PCA results for individuals

  • ind.coord = res.pca$x
  • Cos2 of individuals. Two steps:
    • Calculate the square distance between each individual and the PCA center of gravity: d2 = [(var1_ind_i - mean_var1)/sd_var1]^2 + …+ [(var10_ind_i - mean_var10)/sd_var10]^2 + …+..
    • Calculate the cos2 as ind.coord^2/d2
  • Contributions of individuals to the principal components: 100 * (1 / number_of_individuals)*(ind.coord^2 / comp_sdev^2).
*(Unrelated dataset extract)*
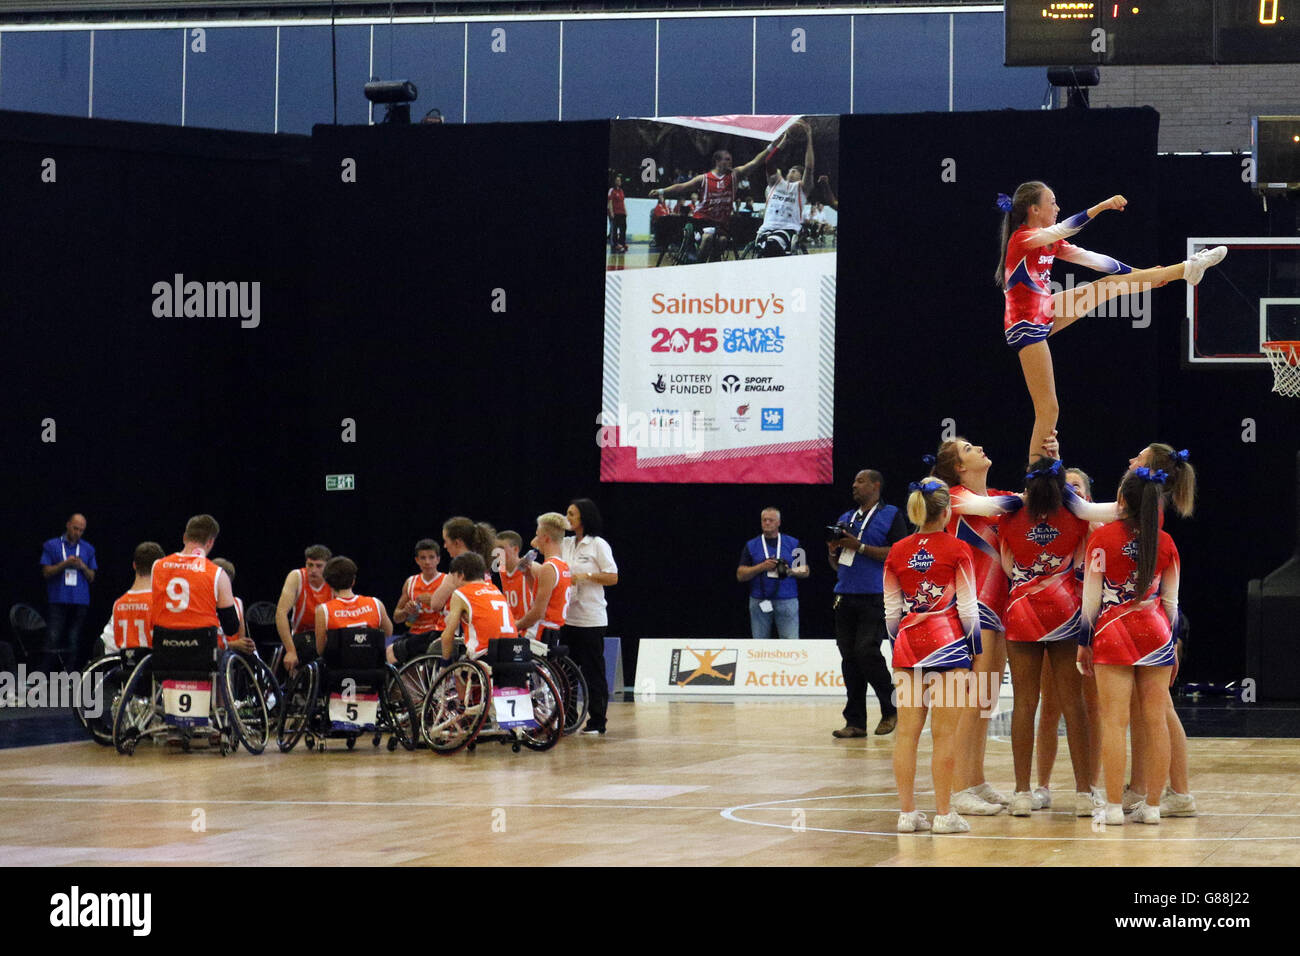 I cheerleader si esibiscono durante la metà dell'intervallo di tempo nella finale di basket su sedia a rotelle ai Giochi scolastici 2015 di Sainsbury presso la Regional Arena di Manchester. Foto Stock

Note that the sum of all the contributions per column is 100
# Coordinates of individuals#::::::::::::::::::::::::::::::::::ind.coord <- res.pca$xhead(ind.coord[, 1:4])
## PC1 PC2 PC3 PC4## SEBRLE 0.191 -1.554 -0.628 0.0821## CLAY 0.790 -2.420 1.357 1.2698## BERNARD -1.329 -1.612 -0.196 -1.9209## YURKOV -0.869 0.433 -2.474 0.6972## ZSIVOCZKY -0.106 2.023 1.305 -0.0993## McMULLEN 0.119 0.992 0.844 1.3122
# Cos2 of individuals#:::::::::::::::::::::::::::::::::# 1. square of the distance between an individual and the# PCA center of gravitycenter <- res.pca$centerscale<- res.pca$scalegetdistance <- function(ind_row, center, scale){ return(sum(((ind_row-center)/scale)^2)) }d2 <- apply(decathlon2.active,1,getdistance, center, scale)# 2. Compute the cos2. The sum of each row is 1cos2 <- function(ind.coord, d2){return(ind.coord^2/d2)}ind.cos2 <- apply(ind.coord, 2, cos2, d2)head(ind.cos2[, 1:4])
## PC1 PC2 PC3 PC4## SEBRLE 0.00753 0.4975 0.08133 0.00139## CLAY 0.04870 0.4570 0.14363 0.12579## BERNARD 0.19720 0.2900 0.00429 0.41182## YURKOV 0.09611 0.0238 0.77823 0.06181## ZSIVOCZKY 0.00157 0.5764 0.23975 0.00139## McMULLEN 0.00218 0.1522 0.11014 0.26649
# Contributions of individuals#:::::::::::::::::::::::::::::::contrib <- function(ind.coord, comp.sdev, n.ind){ 100*(1/n.ind)*ind.coord^2/comp.sdev^2}ind.contrib <- t(apply(ind.coord, 1, contrib, res.pca$sdev, nrow(ind.coord)))head(ind.contrib[, 1:4])
## PC1 PC2 PC3 PC4## SEBRLE 0.0385 5.712 1.385 0.0357## CLAY 0.6581 13.854 6.460 8.5557## BERNARD 1.8627 6.144 0.135 19.5783## YURKOV 0.7969 0.443 21.476 2.5794## ZSIVOCZKY 0.0118 9.682 5.975 0.0523## McMULLEN 0.0148 2.325 2.497 9.1353
Principal Component Analysis in R: prcomp vs princomp - Articles (2024)
Top Articles
Latest Posts
Article information

Author: Melvina Ondricka

Last Updated:

Views: 6466

Rating: 4.8 / 5 (68 voted)

Reviews: 83% of readers found this page helpful

Author information

Name: Melvina Ondricka

Birthday: 2000-12-23

Address: Suite 382 139 Shaniqua Locks, Paulaborough, UT 90498

Phone: +636383657021

Job: Dynamic Government Specialist

Hobby: Kite flying, Watching movies, Knitting, Model building, Reading, Wood carving, Paintball

Introduction: My name is Melvina Ondricka, I am a helpful, fancy, friendly, innocent, outstanding, courageous, thoughtful person who loves writing and wants to share my knowledge and understanding with you.